To avoid all of this, lets use the assembly function halt as the CPU_ON
entry address. Also, expand the check to test that we only get
PSCI_RET_SUCCESS exactly once, as we're never offlining the CPU during the
test.
Signed-off-by: Alexandru Elisei <alexandru.elisei@xxxxxxx>
---
arm/psci.c | 14 +++++++++++---
1 file changed, 11 insertions(+), 3 deletions(-)
diff --git a/arm/psci.c b/arm/psci.c
index 5c1accb6cea4..ffc09a2e9858 100644
--- a/arm/psci.c
+++ b/arm/psci.c
@@ -79,13 +79,14 @@ static void cpu_on_secondary_entry(void)

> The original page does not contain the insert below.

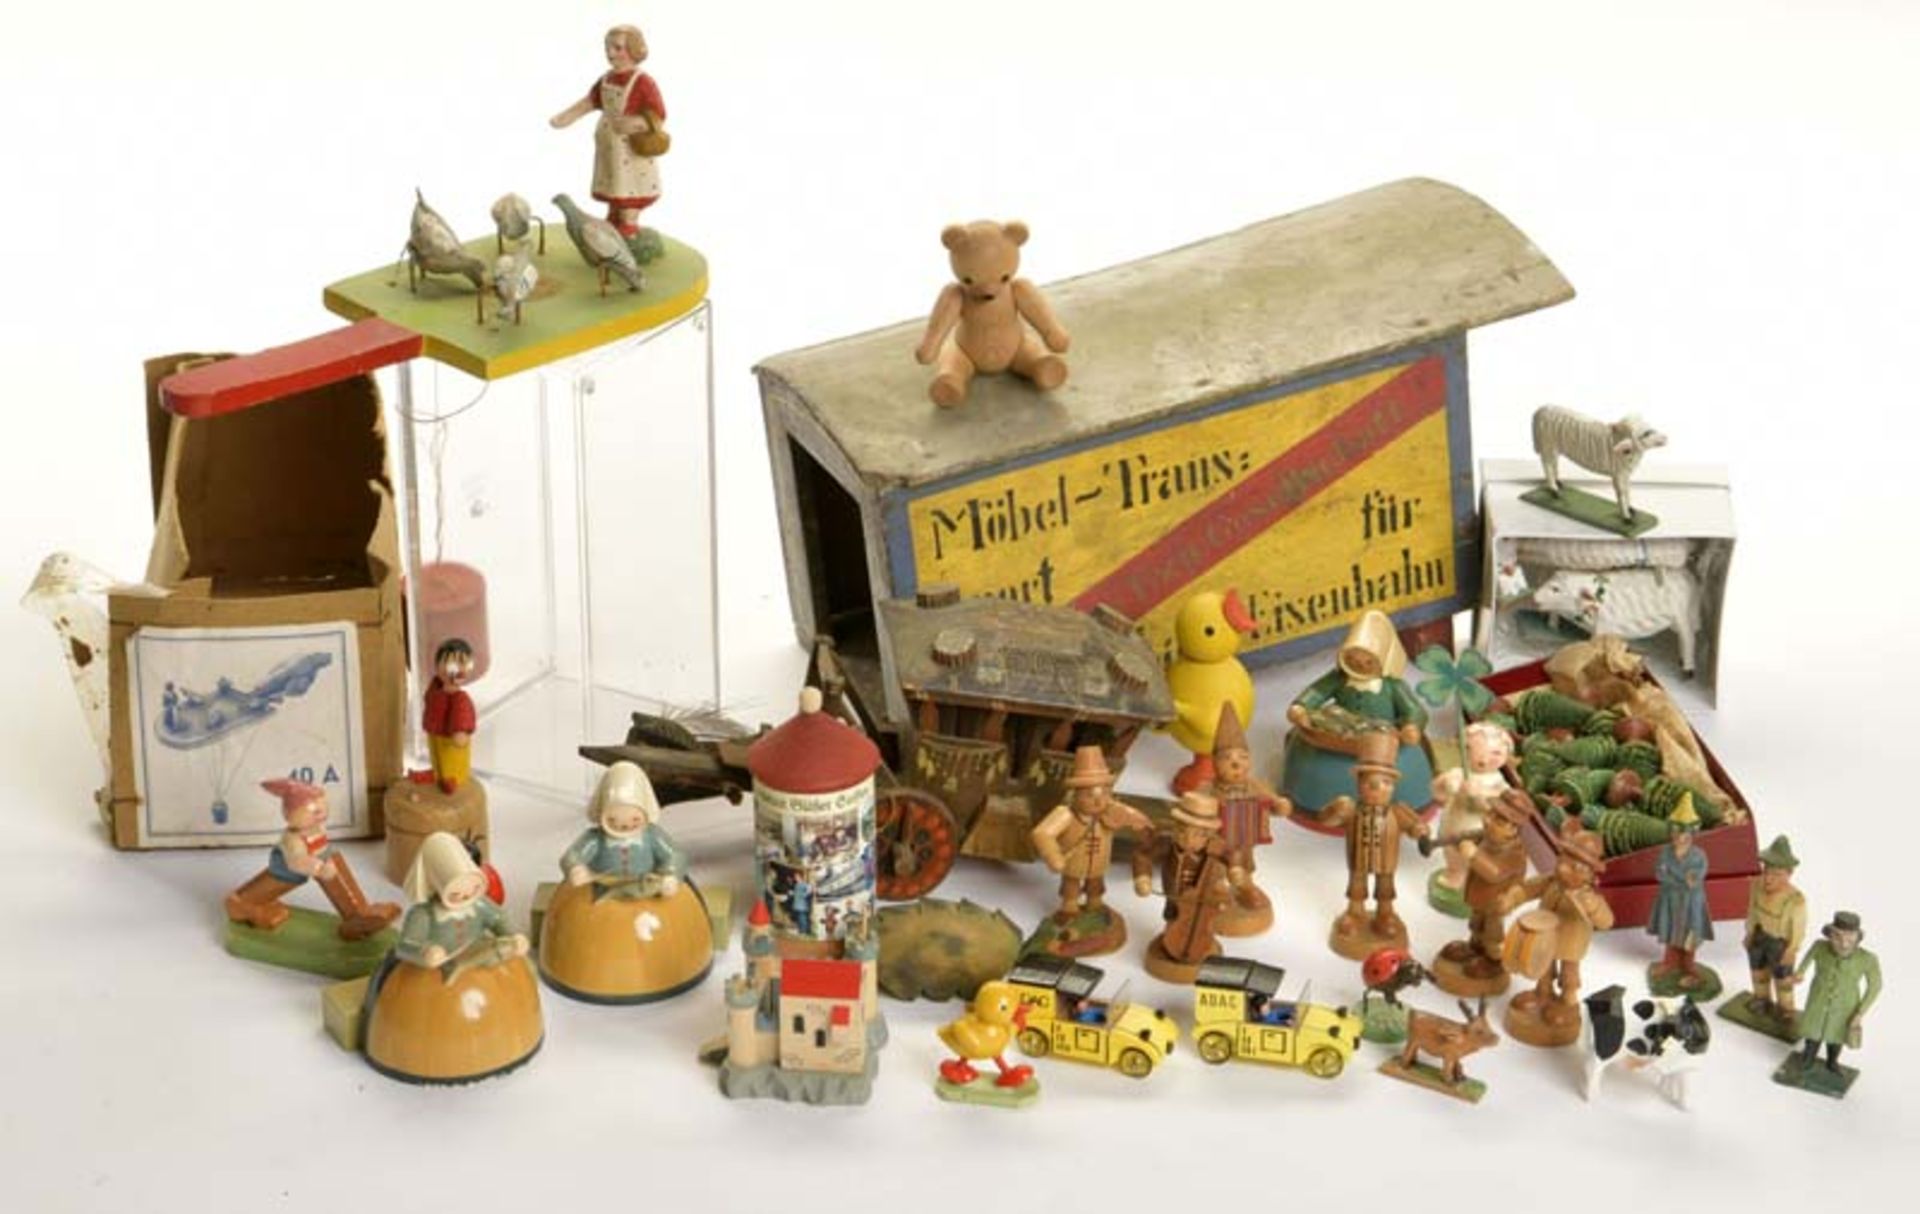 Erzgebirge + Marolin, Figures, Miniatures a.o., Germany, out of wood, trasure trove, please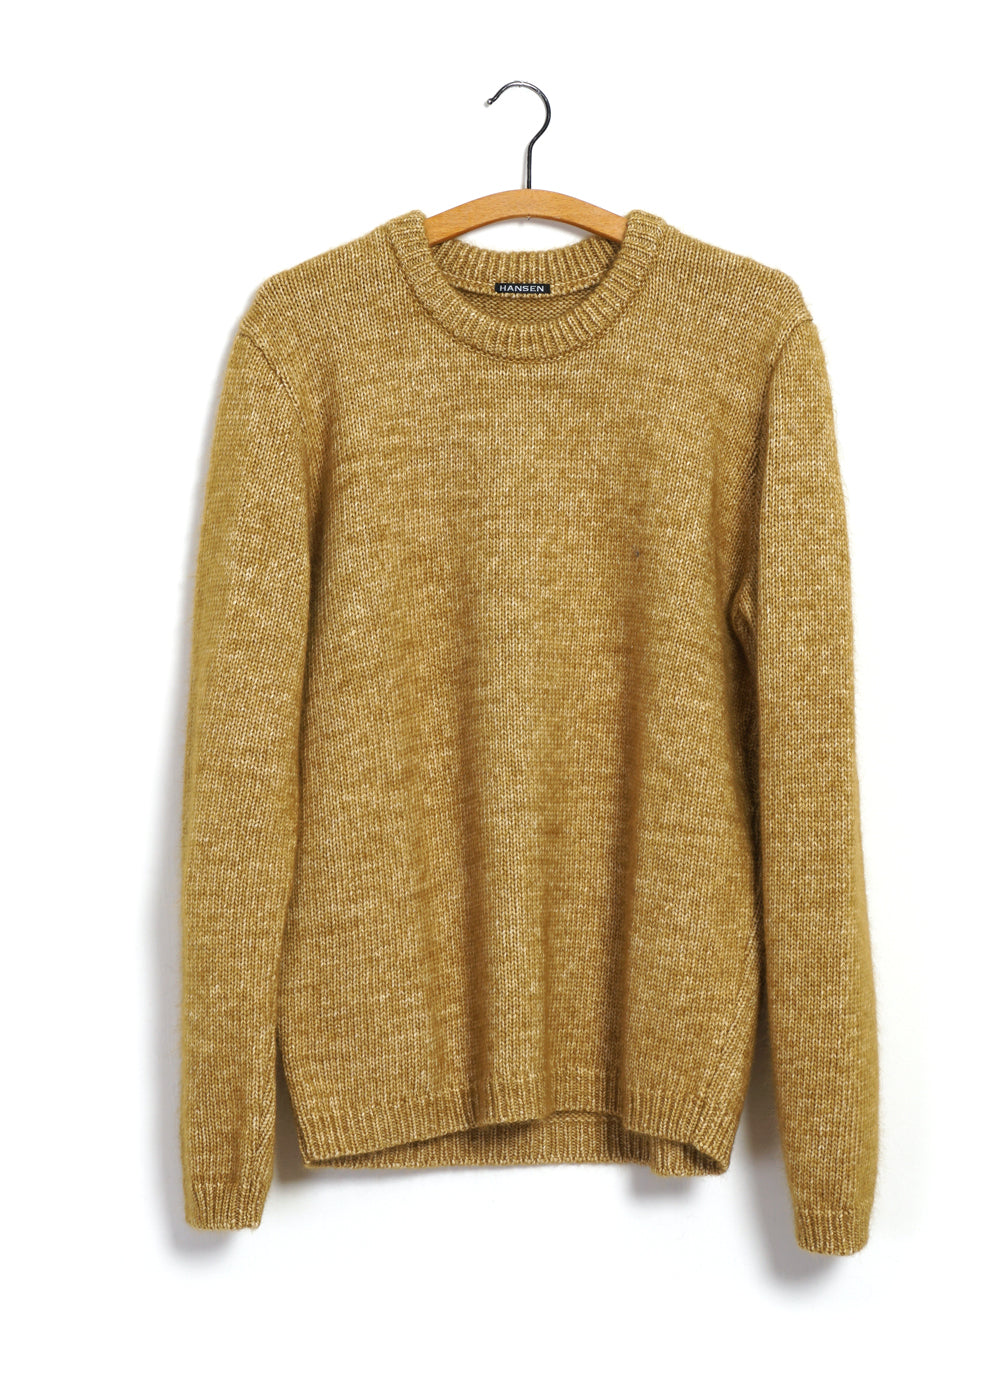 ESKE | Crew Neck Sweater | Gold | HANSEN Garments

cpumask_set_cpu(cpu, &cpu_on_ready);
while (!cpu_on_start)
cpu_relax();
- cpu_on_ret[cpu] = psci_cpu_on(cpus[1], __pa(cpu_psci_cpu_die));
+ cpu_on_ret[cpu] = psci_cpu_on(cpus[1], __pa(halt));
cpumask_set_cpu(cpu, &cpu_on_done);
}
static bool psci_cpu_on_test(void)
{
bool failed = false;
+ int ret_success = 0;
int cpu;
cpumask_set_cpu(1, &cpu_on_ready);
@@ -104,7 +105,7 @@ static bool psci_cpu_on_test(void)
cpu_on_start = 1;
smp_mb();
- cpu_on_ret[0] = psci_cpu_on(cpus[1], __pa(cpu_psci_cpu_die));
+ cpu_on_ret[0] = psci_cpu_on(cpus[1], __pa(halt));
cpumask_set_cpu(0, &cpu_on_done);
while (!cpumask_full(&cpu_on_done))
@@ -113,12 +114,19 @@ static bool psci_cpu_on_test(void)
for_each_present_cpu(cpu) {
if (cpu == 1)
continue;
- if (cpu_on_ret[cpu] != PSCI_RET_SUCCESS && cpu_on_ret[cpu] != PSCI_RET_ALREADY_ON) {
+ if (cpu_on_ret[cpu] == PSCI_RET_SUCCESS) {
+ ret_success++;
+ } else if (cpu_on_ret[cpu] != PSCI_RET_ALREADY_ON) {
report_info("unexpected cpu_on return value: caller=CPU%d, ret=%d", cpu, cpu_on_ret[cpu]);
failed = true;
}
}
+ if (ret_success != 1) {
+ report_info("got %d CPU_ON success", ret_success);
+ failed = true;
+ }
+
return !failed;
}
--
2.20.1